SQLite is a most incredible phenomenon of the open source software community. Its creator gifted the program to the world with a statement which is a classic in the field of unlicensed, public domain software. His program is one of the most popular and useful programs in existence. The "lite" in its name is unfortunate because it leads some to assume that it's light on functionality. No, actually, it's light on extra effort needed to use it. Unlike other excellent SQL software such as PostgreSQL, you don't need to set up a local server to use it. And when it comes to Python programming, at least if you're using Python in Windows, SQLite comes packaged with the language so you don't even need to install the SQLite library separately.
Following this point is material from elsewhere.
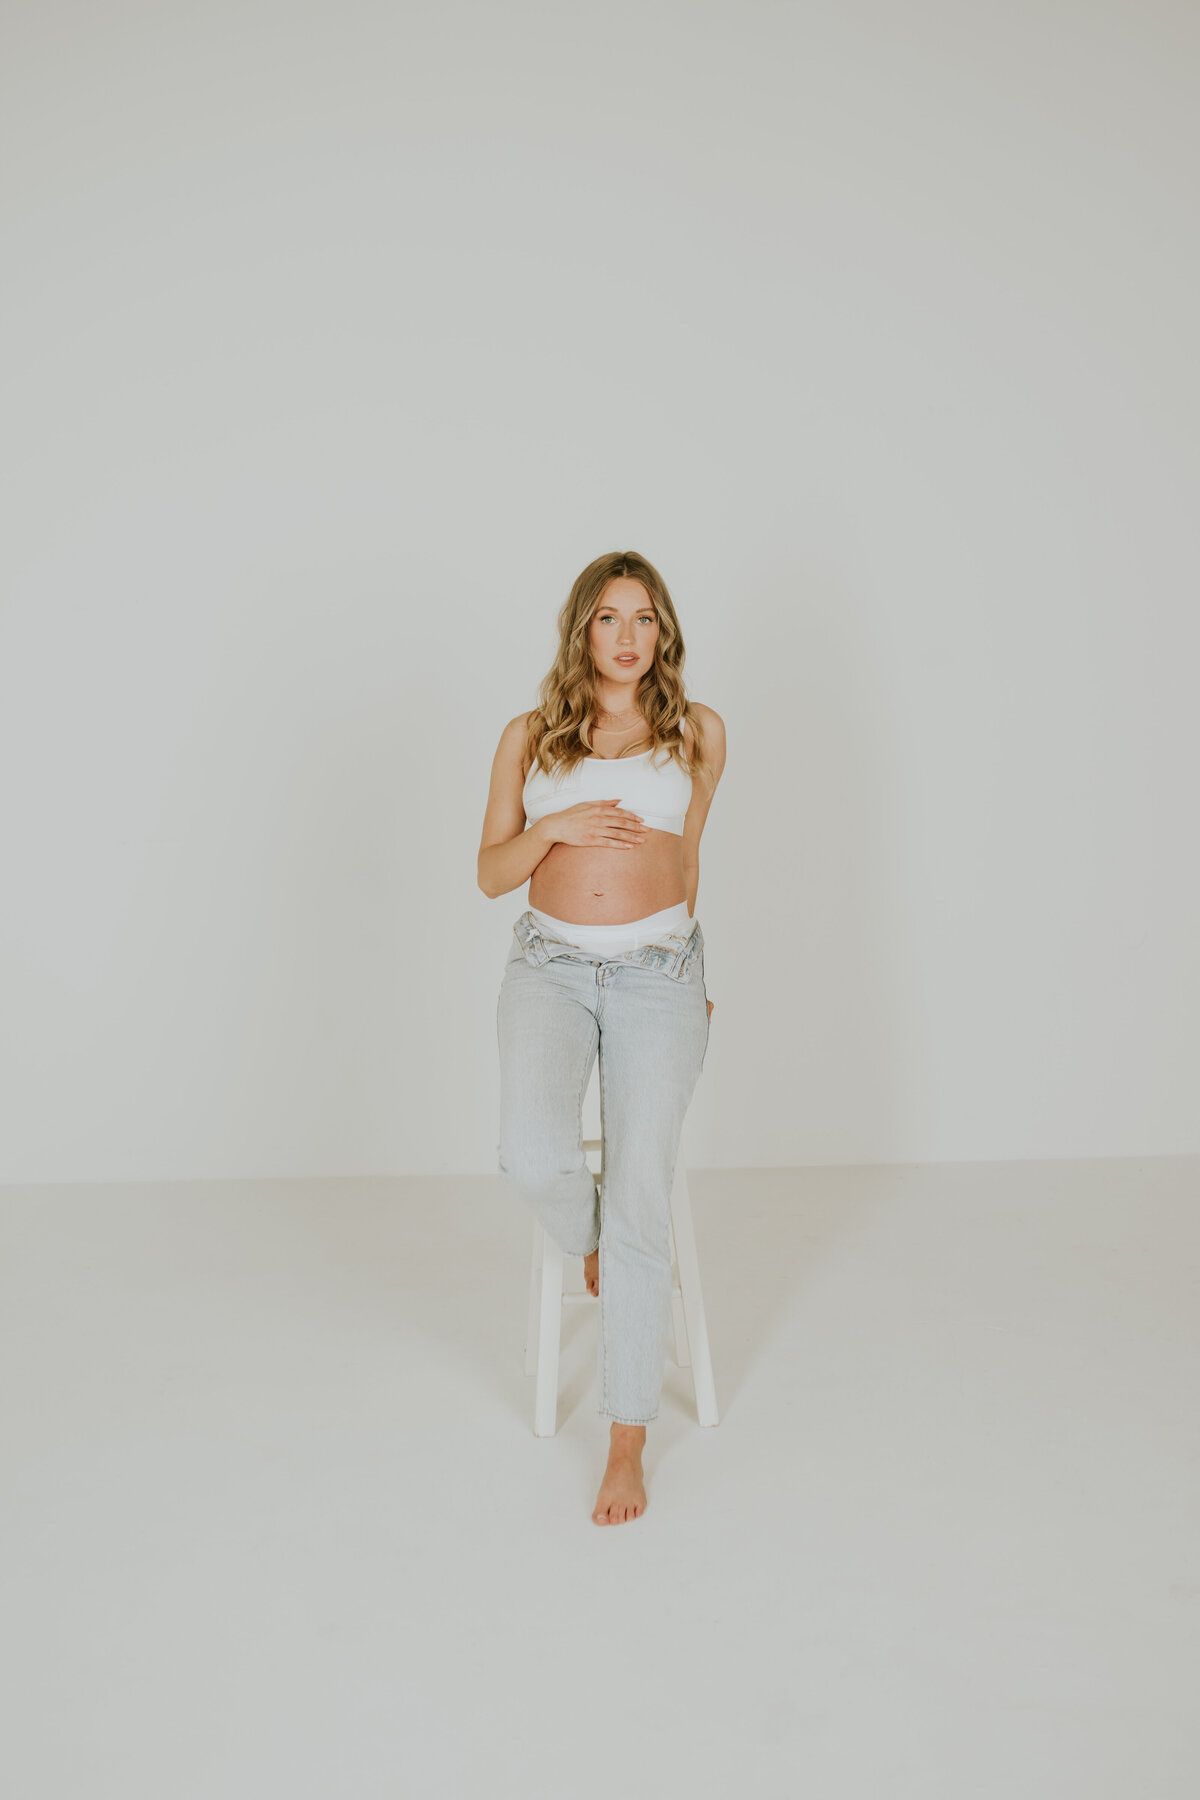 alaska studio photoshoot with pregnant mom

Just install the SQLite tool, the console you type commands into, type `import sqlite3` at the top of any Python module, and you're ready to play with databases, right now. Compared to MySQL, there's little boilerplate. It's very easy to use, and its use of the SQL language is standard. If you already know SQL, you already know most of SQLite.
I said that so I could say this: when GEDCOM was created, no doubt a simple text format was chosen only because, as the brainstorm goes, SQLite didn't exist yet. SQL itself had only become a viable entity a few years earlier.
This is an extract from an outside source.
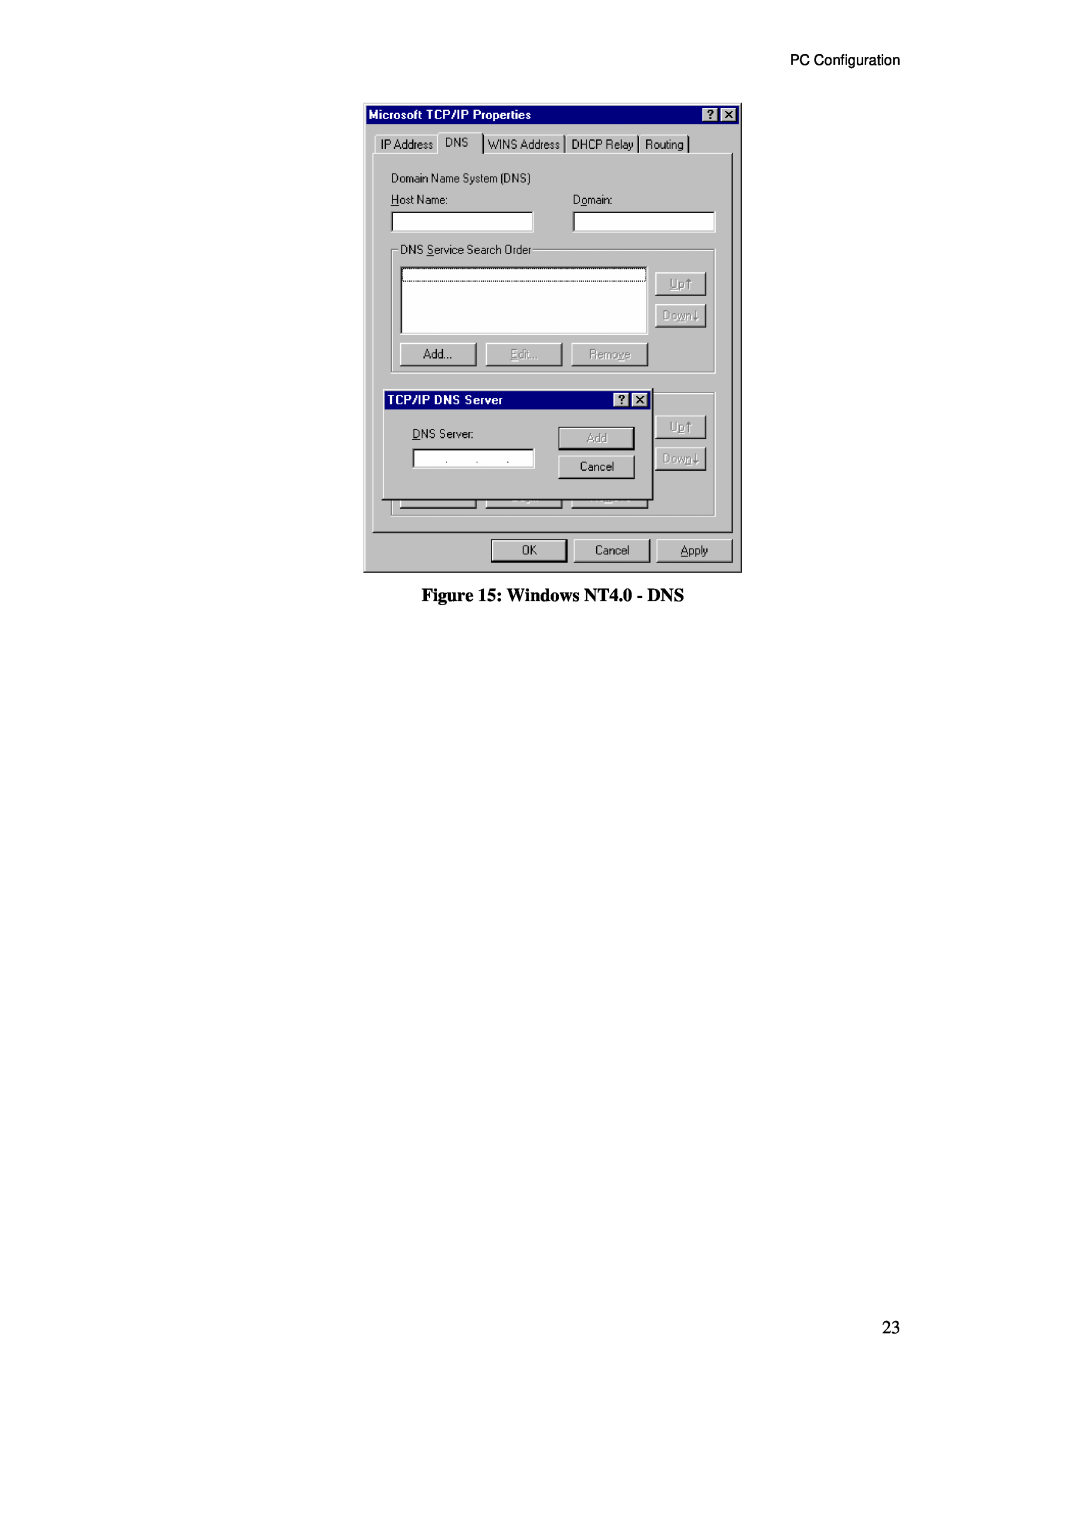 TRENDnet BRV204 manual Windows NT4.0 - DNS, PC Configuration

So while we're playing around with ideas, instead of just eating whatever's served to us, let's pretend we can roll back the clock to 1984 when GEDCOM was created as a sort of intermediary among RDBMS (relational database management systems) and other means of data storage. What if the need for GEDCOM had occurred in a world where SQLite already existed? Do you think we would have seen GEDCOM created as a huge, klunky text file that can take hours to process and then fix thousands of broken data manually?
Here is my hypothesis:
Sooner or later, GEDCOM is going to be replaced by a proper RDBMS database, probably written in SQLite.
Since this means that genieware providers will all have to use the same data storage structure, does that mean there will no longer be a need for independent genieware providers? No. In this hypothetical new world of geniewares that can literally communicate with each other, your GUI and my GUI will and should be very different. And that's all the user cares about. Most genealogists care what flavor of GUI they're using, but few genealogists care what sort of software is used to store their data, as long as it's stored well and not lost. GEDCOM is a big letdown in this area, as everyone knows. It is the very independence of the genieware developers that makes GEDCOM an inadequate solution. GEDCOM is, in fact, a mock relational database. It uses primary keys called "identifiers" and foreign keys called "pointers". It was an attempt to replace a SQLite that did not yet exist.
What if a genieware provider doesn't presently use a SQL database at all? For example, Family Historian apparently stores your data directly into a GEDCOM file as lines of text. My answer to this is that there comes a time in the evolution of an industry where anyone who wants to keep up had better put forth the effort to catch up. If SQLite had been around in 1984 when GEDCOM was created, I'm sure that GEDCOM would not have been created as a text file, and Family Historian would not have been built to store your data in a text file when it came along later.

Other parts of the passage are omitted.